Ты не ошиблась, случайно сболтнув о подобии Адамо этому трупу, с его испачканными кровью жирноватыми бёдрами и рассеянным взглядом из-под приспущенных, будто усталых, век. Сходство есть и у этой глиняной мадонны, эта её маска гнева хорошо нам знакома... С кем – пока не установить, но само её подобие кому-то несомненно есть. Тогда слова о подобии просто сорвались с языка, словно они были сорвавшейся попыткой налгать о нём, сочинить его, а вот теперь подобие явилось само и стало быть. Будто убрали рассеивающую изображение линзу, стоявшую прежде между зрителем и зримым, или наоборот, надели на зрачки зрителя приспособление с удачно найденными диоптриями, молниеносно сконцентрировавшее распылённый туманчиком свет, так внезапно выявилось это очевидное подобие, чуть ли не тождество. И мы с тобой обязательно вспомним, с кем именно это тождество, обещаю, узнаем о нём всё. А пока – терпение.

Повинуясь этому приказу, мы стискиваем твои зубы и они явственно скрипят. Нет, отчаяние и тут не причём, наглотались мы всякой дряни, вот они и скрипят. Надо просто почистить зубы, и это всё. Пустякам – пустяшные средства, разумные, не тяжёлая же сразу кавалерия! Обезьяна разума? Что ж, но разума, а не порождённых спящим разумом омерзительных чудовищ. Простая зубная щётка, простое действие, всё вместе – простейшее событие, вместо сложных и жутких порождений развязной фантазии слепорождённого, да и давно мёртвого греческого болтуна с его аллегориями. Вместо этих жестоких чад, убивающих своего родителя: cамо событие. А оно живо, наше событие, оно есть, уже нам дано, потерпи немного – и ты узнаешь его. Оно тут, и мы уже слышим его приближение.
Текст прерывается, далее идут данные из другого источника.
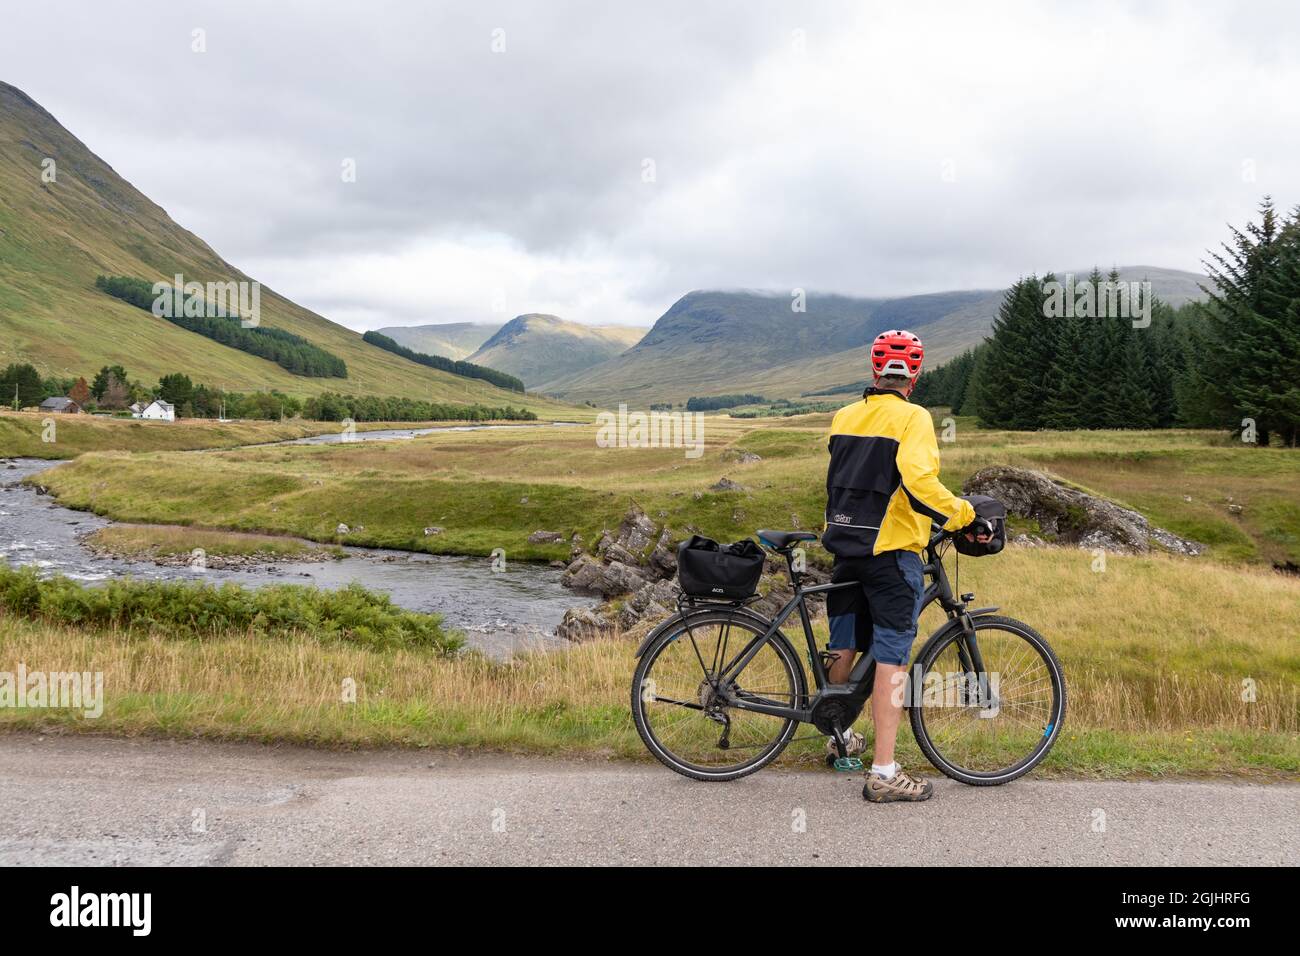 Cycling Glen Lyon, Perthshire, Scotland - cyclist looking at the view down Glen Lyon and River Lyon, Scotland, UK Stock Photo

Шаг за шагом приближается оно к нам, и мы всё ясней слышим шарканье его подошв, и с каждым его шагом проясняется наше зрение, готовится встретить глаза в глаза его, надвигающееся на нас. Вот, проясняется и остававшееся туманным подобие: маска глиняной мадонны, оказывается, вылитая те, тёмные насупленные лики византийских икон, такие висели на стене спальни твоего папочки. Это просто смешно, как можно забыть такое! Но, возможно, просто вспомнить такую простую вещь помешала сложность самого подобия, ведь эта мадонна смахивает на кое-кого ещё... Ну, и на кого же? Терпение, говорю тебе, подожди маленько – дождёшься ответа на это. А пока давай полюбуемся тем, как укушенная внезапным вспоминанием память вздрагивает, ворочается грузной тушей своей в месиве забытого, извлекает из его глубин и другие, прекрасно сохранившиеся, оказывается, в его руинах византийские черепки.
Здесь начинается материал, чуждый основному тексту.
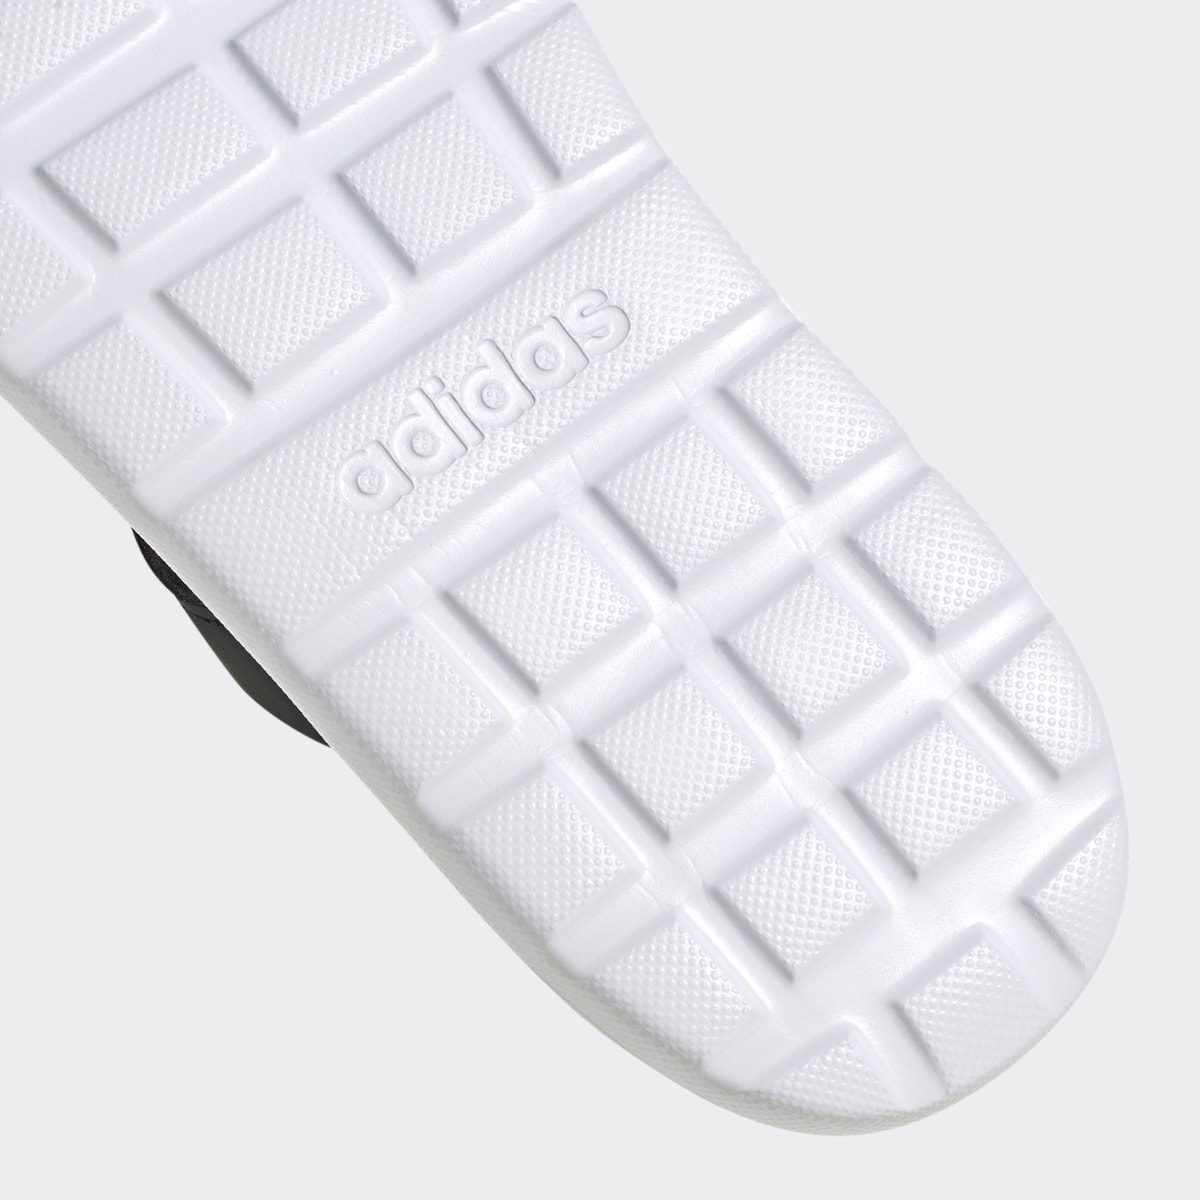 Adidas Comfort Flip-Flops. 10

Что за смешная штука эта память! Не помнит того, что было миг назад, а вместе с тем – тысячелетия хранит в своих недрах бормотанье слепого рапсода, или никому не нужные сведения о несуществующих созданиях. Простой, как зубная щётка, и, как зубная щётка – несомненно существующий рюкзачок не удерживается в ней, ущербной, а безумный лже-физиолог вживается в неё навсегда! Его смутные анонимные бредни остаются в ней, оказывается, навечно. Правда, найти этим бредням имя нетрудно, да оно и найдено уже другими: поэзия. Им легко придумать и другое имя, по случаю, но как их ни назови – а они опять-таки ущерб. Имя несущественно, вряд ли имена помогают прояснить память и всё вокруг скорее, чем оно проясняется само. Имена лишь дают всему фальшивое, обманчиво простое объяснение.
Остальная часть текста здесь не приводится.